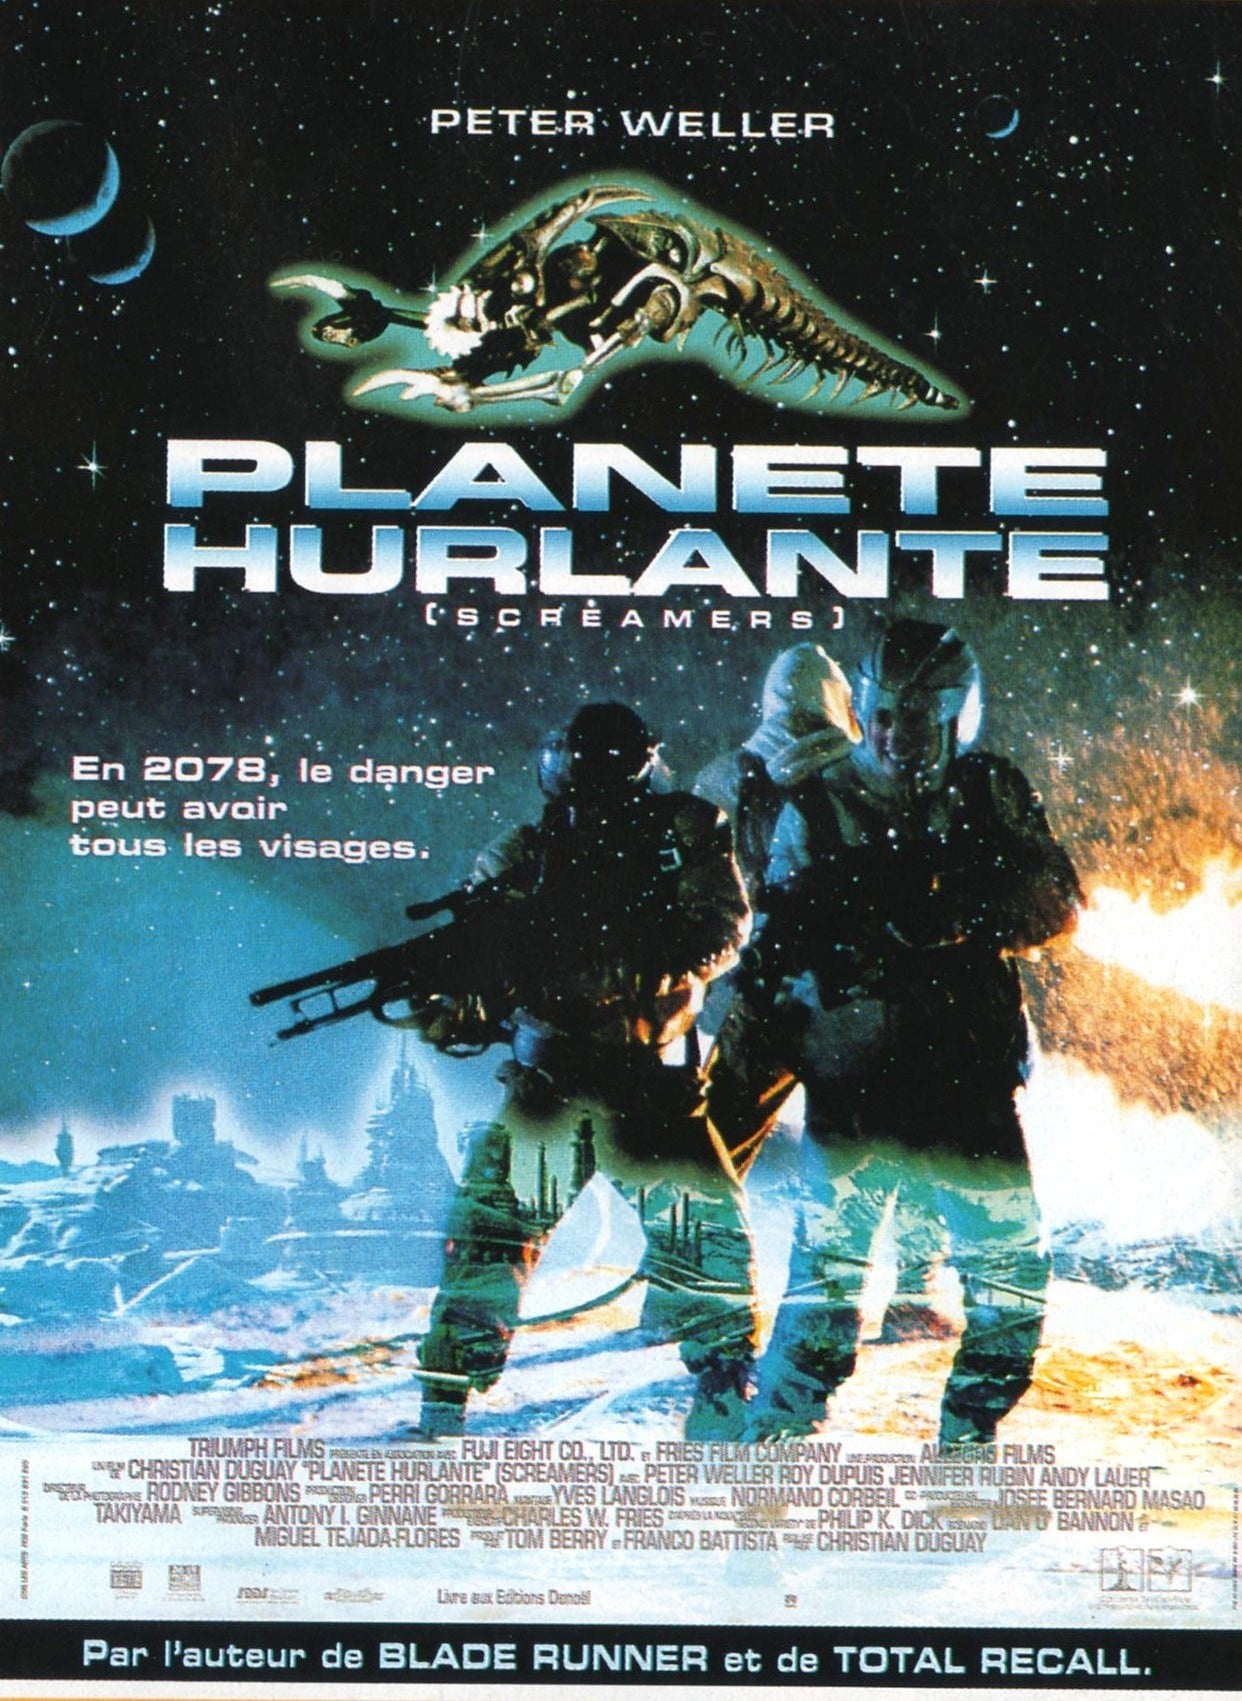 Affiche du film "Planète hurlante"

---

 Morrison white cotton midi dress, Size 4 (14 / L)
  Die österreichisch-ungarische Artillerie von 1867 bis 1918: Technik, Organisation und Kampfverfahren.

Exercise instructions - The response should be the listing above, limited to the lines between the one holding "Morrison white cotton" and the one holding "Die österreichisch-ungarische Artillerie", inclusive, reproduced exactly.

Response -
 Morrison white cotton midi dress, Size 4 (14 / L)
  Die österreichisch-ungarische Artillerie von 1867 bis 1918: Technik, Organisation und Kampfverfahren.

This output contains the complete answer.